Surgical training has often had one major problem crop up, specifically, striking a balance between giving residents the initiative while also providing supervision. This can be especially difficult in the case of performing surgery in tight spaces, like a mitral valve exposure. That in turn has left physicians wondering if the rise of real time communications tools might be the ticket, as it essentially allows supervising physicians to watch a procedure almost through a resident's eyes. With Google Glass and CrowdOptic in play, a wearable platform for visualizing surgical efforts could be on hand.
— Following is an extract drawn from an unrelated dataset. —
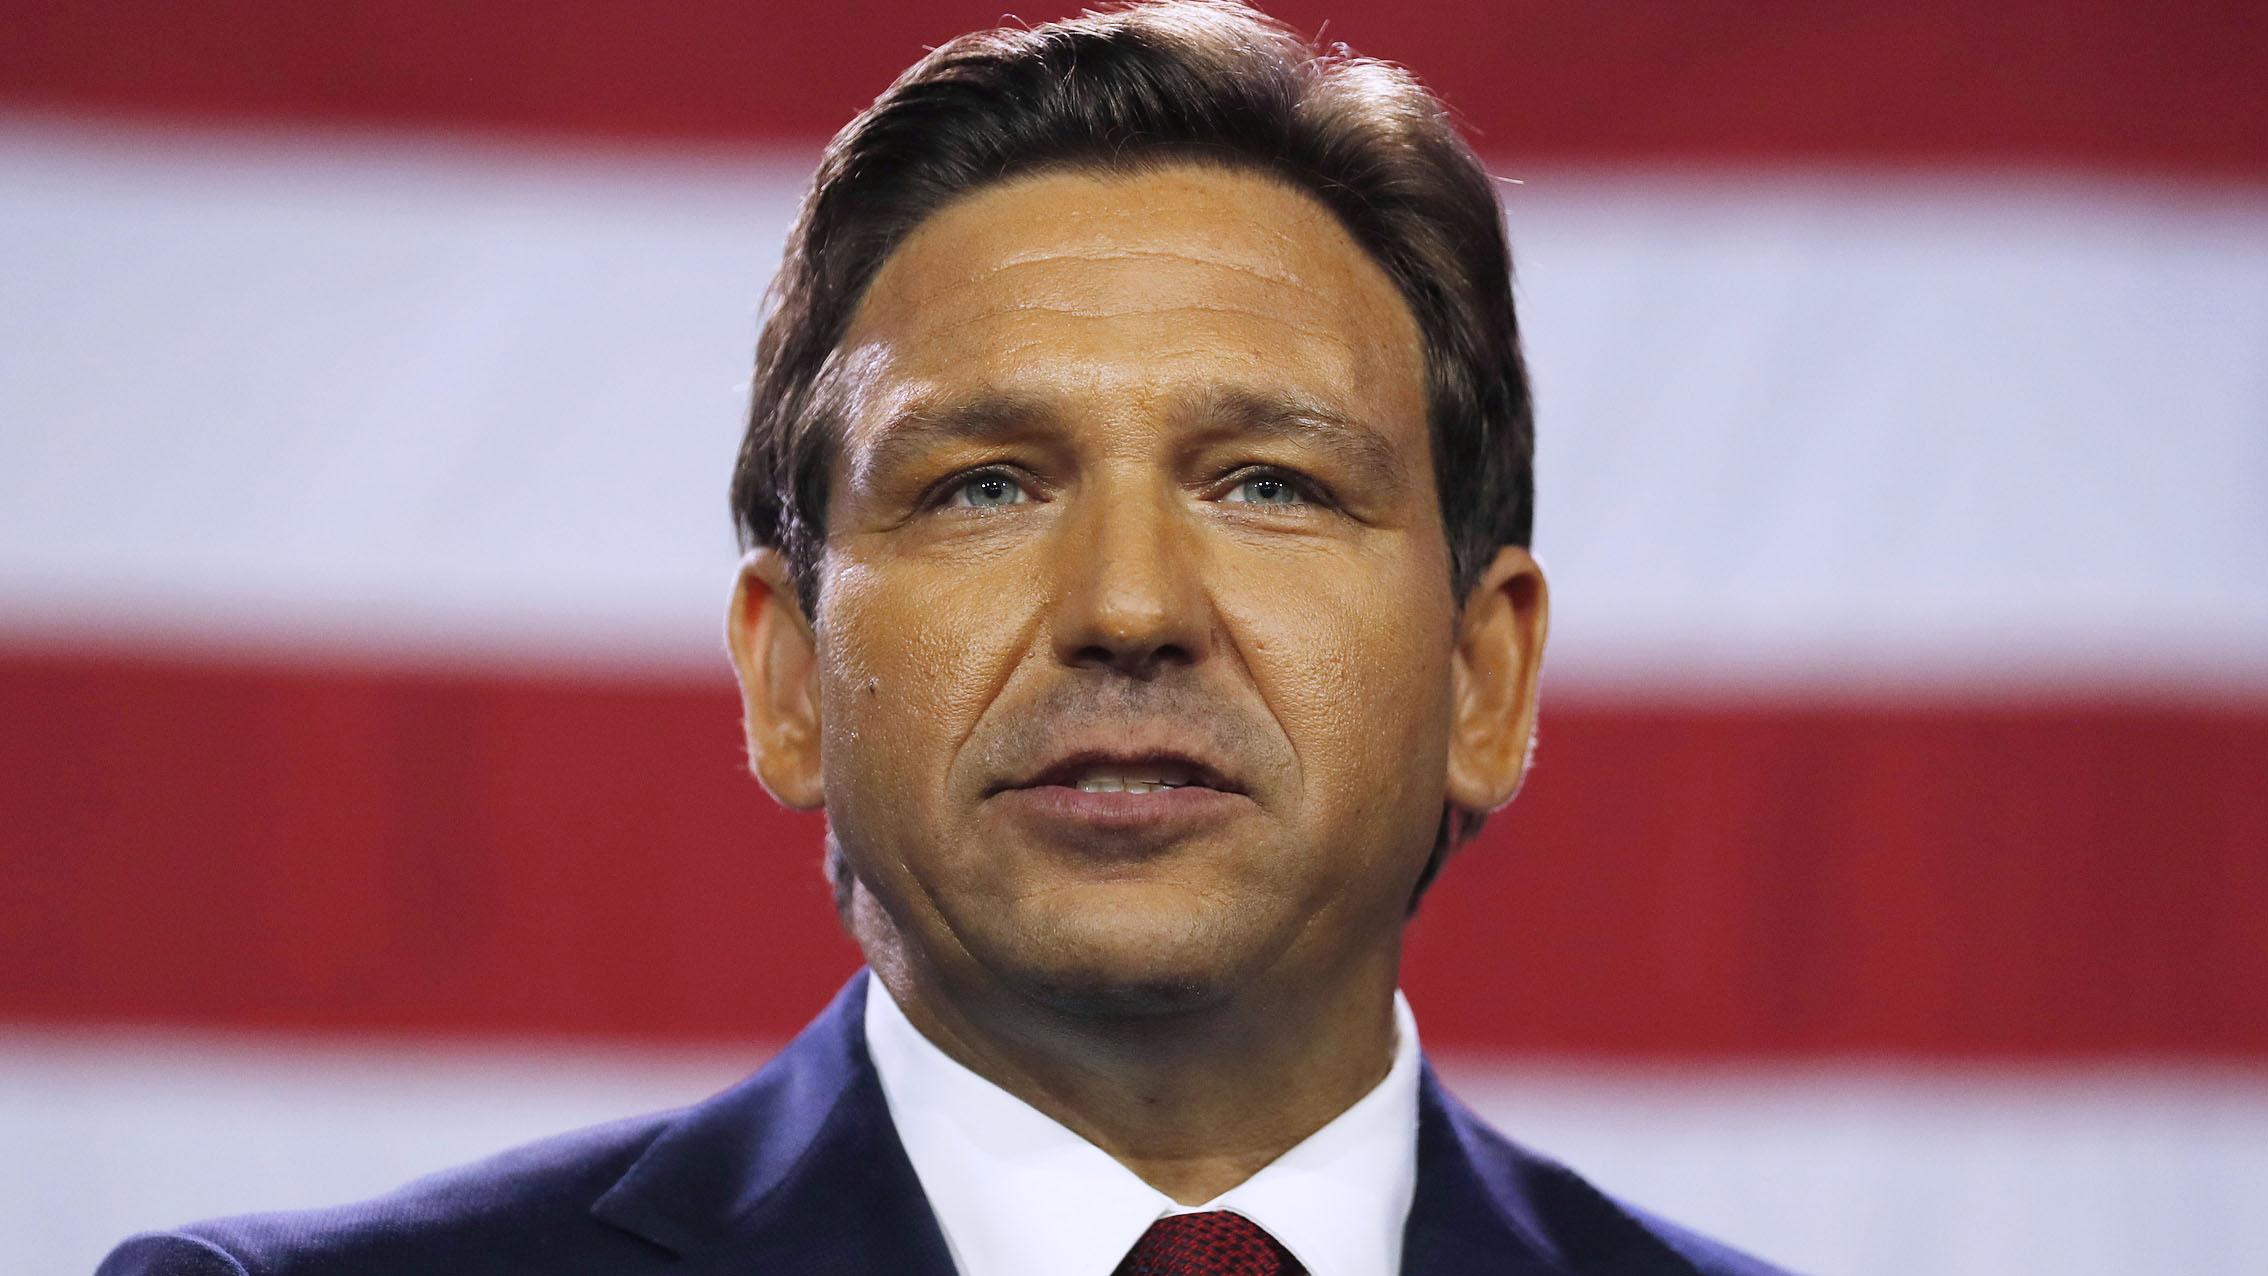 DeSantis To Trump: Stop ‘Keyboard’ Attacks, Say It To My Face In One-On-One Debate

Testing called for both resident and trainer to wear Google Glass devices, and video could be streamed from the resident's Glass to the trainer's Glass with a latency under one millisecond. From there, a simulator was constructed where the field of operation was kept hidden from the trainer yet made visible to the resident. Suture placement keys and a standard script could then be used to let the resident place needles accordingly. Error scores were then calculated based on accuracy of placement, and both users completed questionnaires about the experience following its completion.
The results, meanwhile, were telling: while using the wearable device didn't hamper the time to completion rates by much, it did drop errors significantly, which indicates better accuracy with the device in place. Three out of four users called the device “unobtrusive,” as well as“easy to operate” and “useful for communication and instruction.” Every participant involved reportedly considered the device useful in an actual operating room setting.
Some believe that this could kick off a breed of surgeon that's always wearing Google Glass, and with good reason; the ability to record everything that's seen can be a huge help in terms of settling malpractice lawsuits, and the ability to stream what's being seen can make it easier to call in help in complex situations.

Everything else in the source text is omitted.